On 2008-09-08, Craig Aldinger gonzogone@gmail.com wrote:
Had a number of misadventures w/ my system at home (mostly hardware) that resulted in Oren building me a new tower. I did the load of Ubuntu 7.10 from my canonical disc, downloaded all the available updates and brought it home and am currently up to almost 24 hrs without any running problems..... except getting an Adobe Flash player loaded, something needful for me to do a variety of audio streaming things. Oren indicated that there was some kind of Firefox/Ubuntu/Adobe breakdown he had gotten wind of, am wondering if you have any advice/shortcuts/hacks that I can use. If you think it potentially productive, feel free to pass this to the list for consideration.
Thanks!
I have relatively little luck and patience for Adobe flash on GNU+Linux. I've found that ies4linux is usually more stable for flash than anything else because at least Adobe *wants* flash to work with IE on Windows. I find the unpredictable stability of flash player an excellent excuse to abstain from all flash content whenever possible. If a website "requires" flash, it is broken. You you wouldn't scamper around installing browsers and plugins if you got a 404 error would you?
While I am not familiar with doing it at all in Ubuntu. Ubuntu supposedly had a package called ubuntu-restricted-extras which was a quick and dirty way to get common proprietary software installed.
The common culprits are not having libflashsupport or nspluginwrapper instaled, but the latter has more to do with bringing 32bit plugins to a 64bit FireFox, and I doubt the stamped cd from Ubuntu you have is 64-bit.
You're going to hear "Install Ubuntu 8.04 instead", and that's not a bad idea. If you don't have a cd of it, I will bring one to the next meeting. If I were you, and had to use Ubuntu, and Adobe flash, I would - Have to agree to its license at http://www.adobe.com/products/eulas/ - Download the .tar.gx file from adobe at http://fpdownload.macromedia.com/get/flashplayer/current/install_flash_playe... - Extract it (tar xf install_flash_player_9_linux) - cd in to it - run ./flashplayer-installer from the command line.
On Mon, Sep 8, 2008 at 6:07 PM, billycrook@gmail.com wrote:
While I am not familiar with doing it at all in Ubuntu. Ubuntu supposedly had a package called ubuntu-restricted-extras which was a quick and dirty way to get common proprietary software installed.
I've almost always got it installed by visiting a Flash based site and following the nice requesters that come up about it.
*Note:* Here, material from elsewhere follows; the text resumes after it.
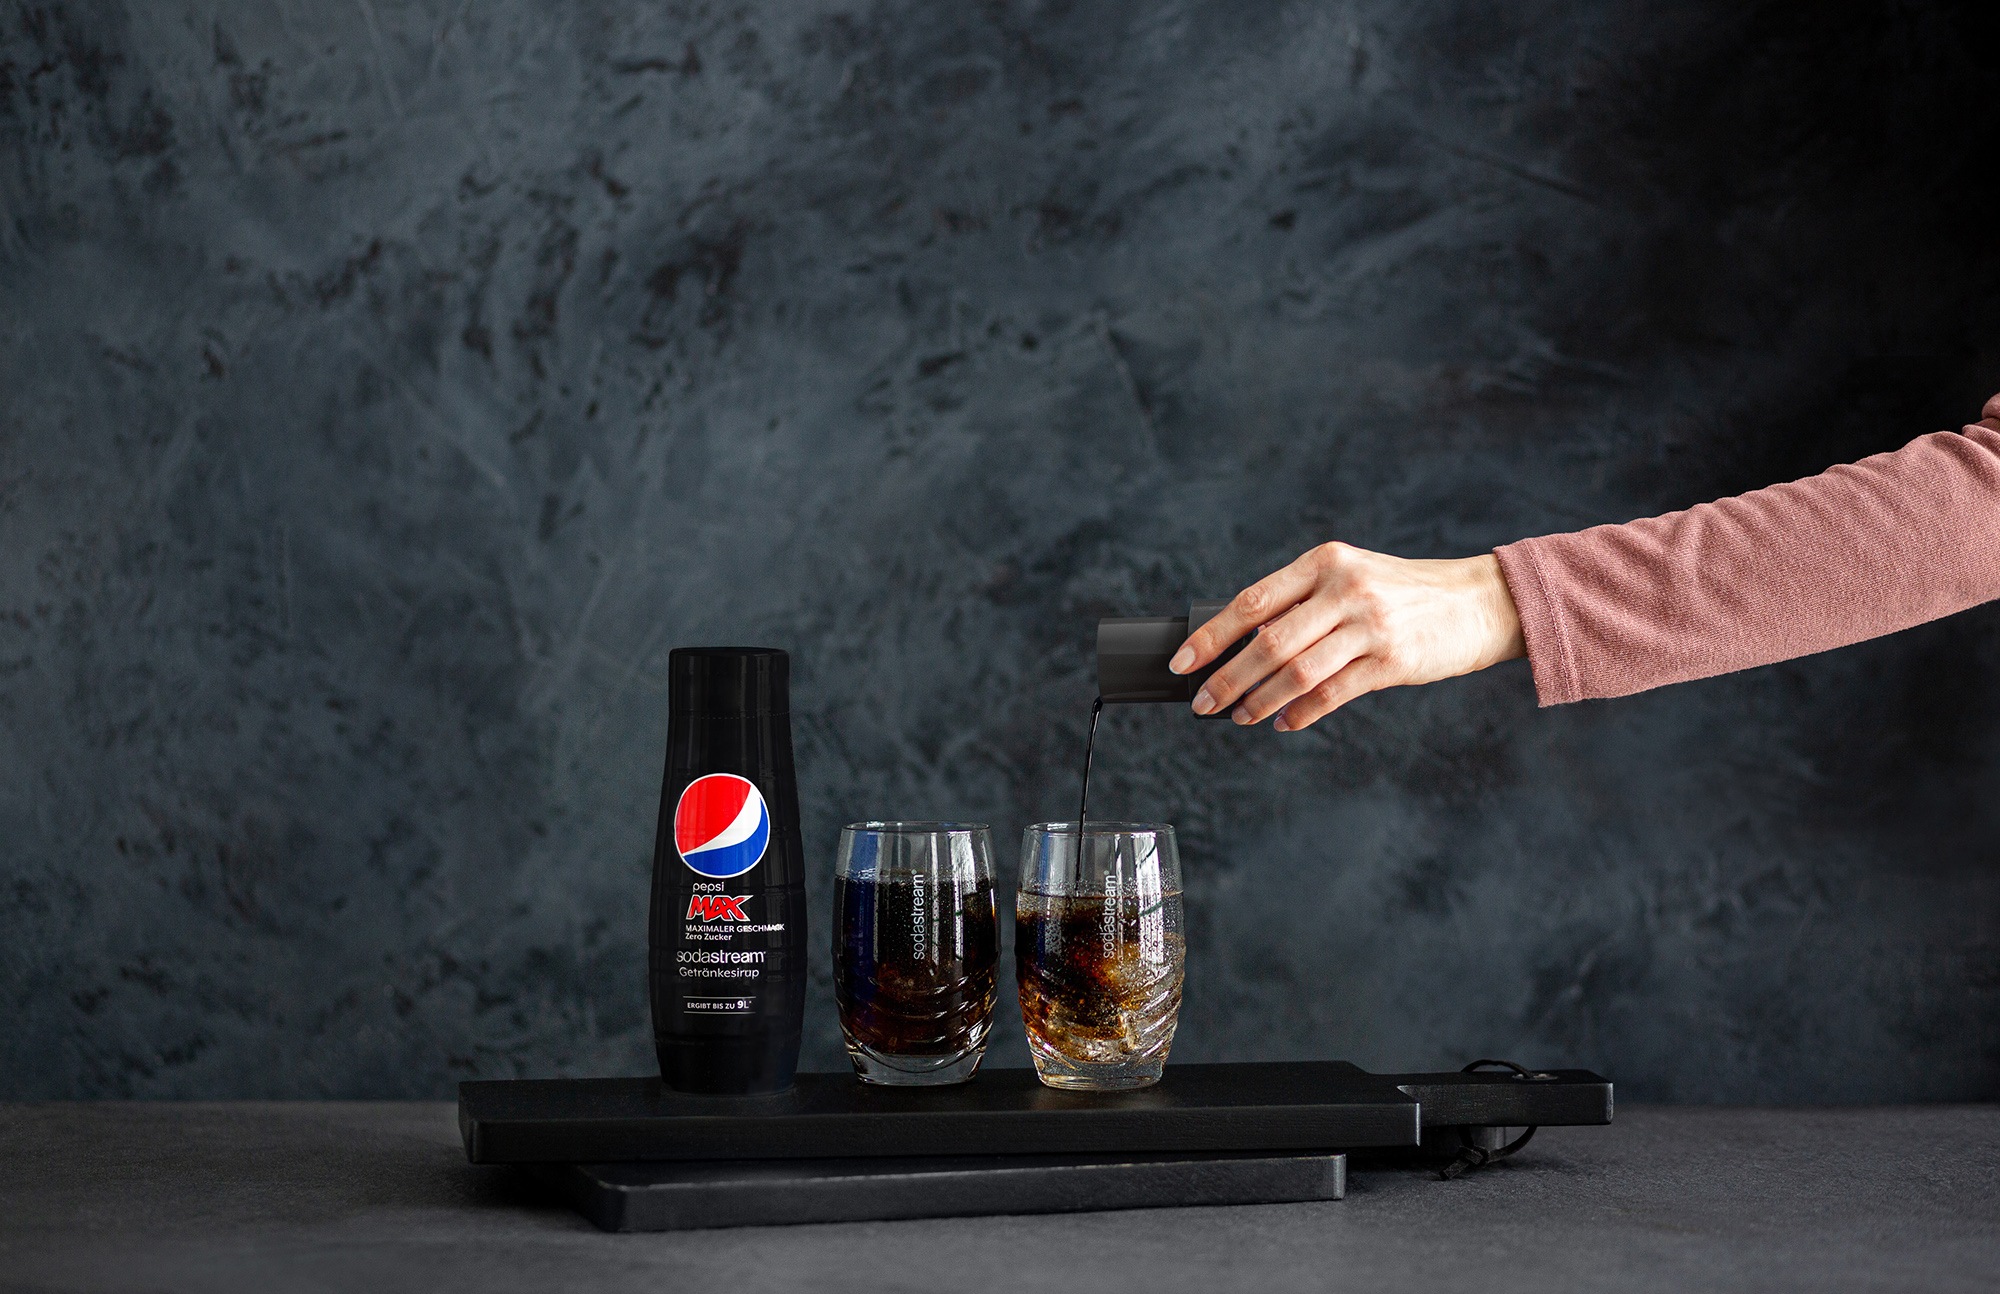 SodaStream Getränke-Sirup, Pepsi & PepsiMax, (4 Flaschen), für bis zu 9 Liter Fertiggetränk

I do recall a bit of trouble at some point, but it was about getting Flash sound enabled on certain systems. I run 8.04 at home, but I do all the tech support on a 7.10 system at a friends house as their only PC. They visit Flash heavy sites all the time and never complain about it. Heck, the only complains so far were an interrupted update that killed X and CDs that didn't play well that turned out to be scratched.'
Jon.
--- On Mon, 9/8/08, Jon Pruente jdpruente@gmail.com wrote:
On Mon, Sep 8, 2008 at 6:07 PM, billycrook@gmail.com wrote:
While I am not familiar with doing it at all in Ubuntu. Ubuntu supposedly had a package called ubuntu-restricted-extras which was a quick and dirty way to get common proprietary software installed.
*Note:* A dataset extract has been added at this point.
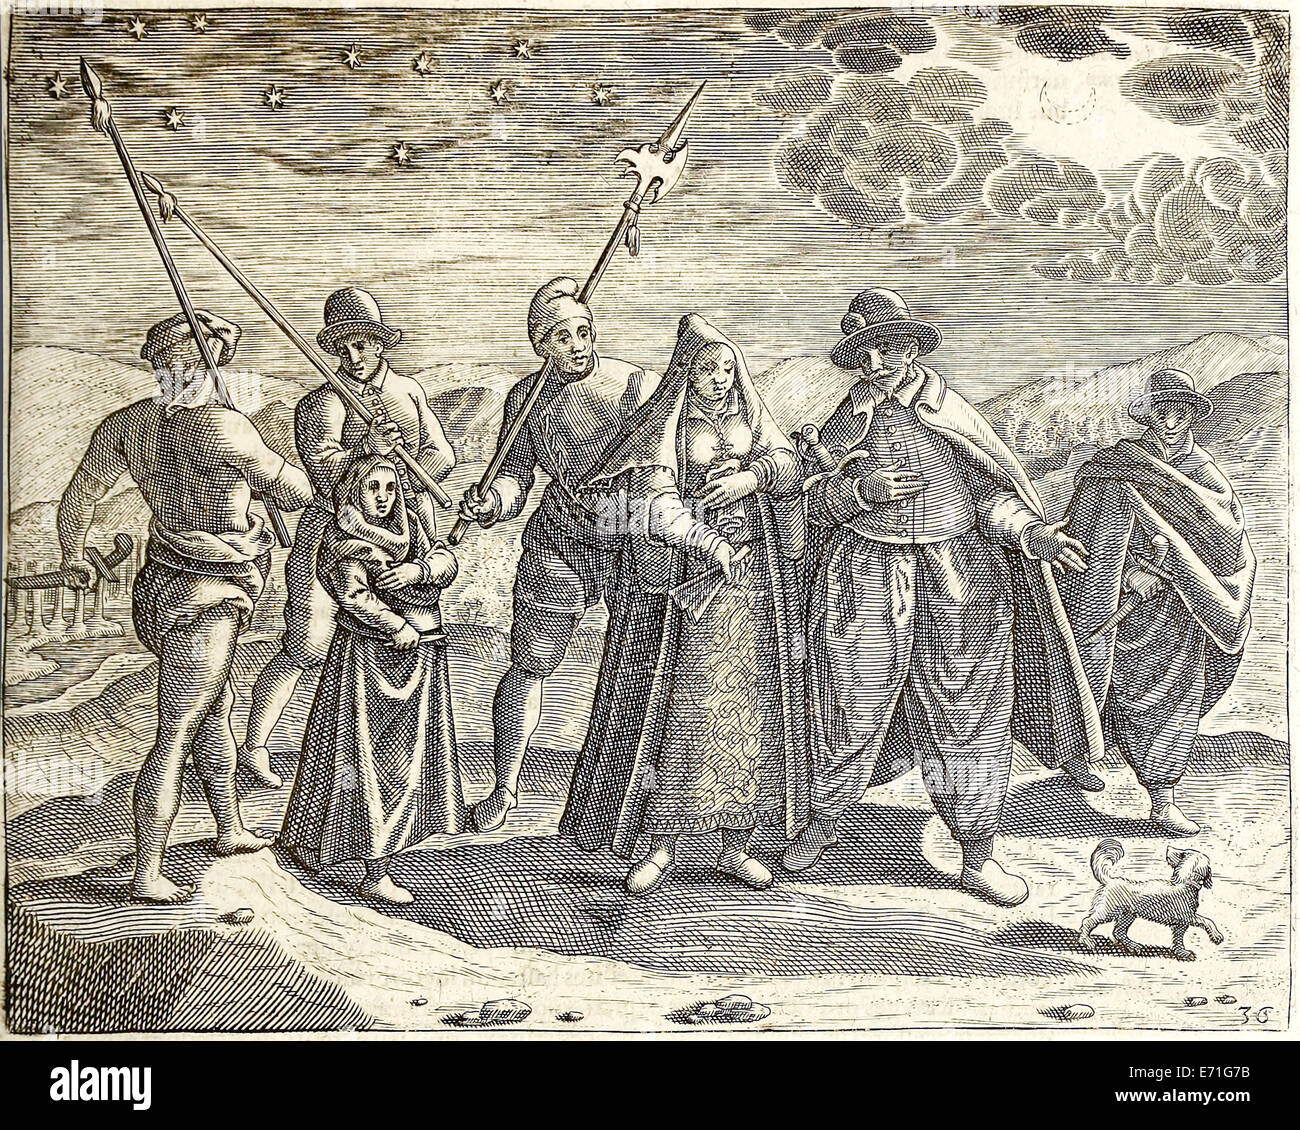 Portugiesisch, Illustration aus "Indiae Orientalis' 1599 von Theodor de Bry. Siehe Beschreibung für weitere Informationen. Stockfoto

I've almost always got it installed by visiting a Flash based site and following the nice requesters that come up about it. I do recall a bit of trouble at some point, but it was about getting Flash sound enabled on certain systems. I run 8.04 at home, but I do all the tech support on a 7.10 system at a friends house as their only PC. They visit Flash heavy sites all the time and never complain about it. Heck, the only complains so far were an interrupted update that killed X and CDs that didn't play well that turned out to be scratched.'
Right now my main system is still running 7.10 (I have issues with how 8.04 handles my frequent "ftp server with login" server connections through the File Browser) and I had no trouble setting up Flash using the installer off Adobe.com.
I only recently learned about the ubuntu-restricted-extras package, but when I used it, it didn't seem to grab Flash for me so I had to go to the Adobe site anyway. Generally on a new install I go through "Add/Remove" and install all the GStreamer-restricted codec packages, as well as Avidemux (another restricted extra), but Flash remains an external package install.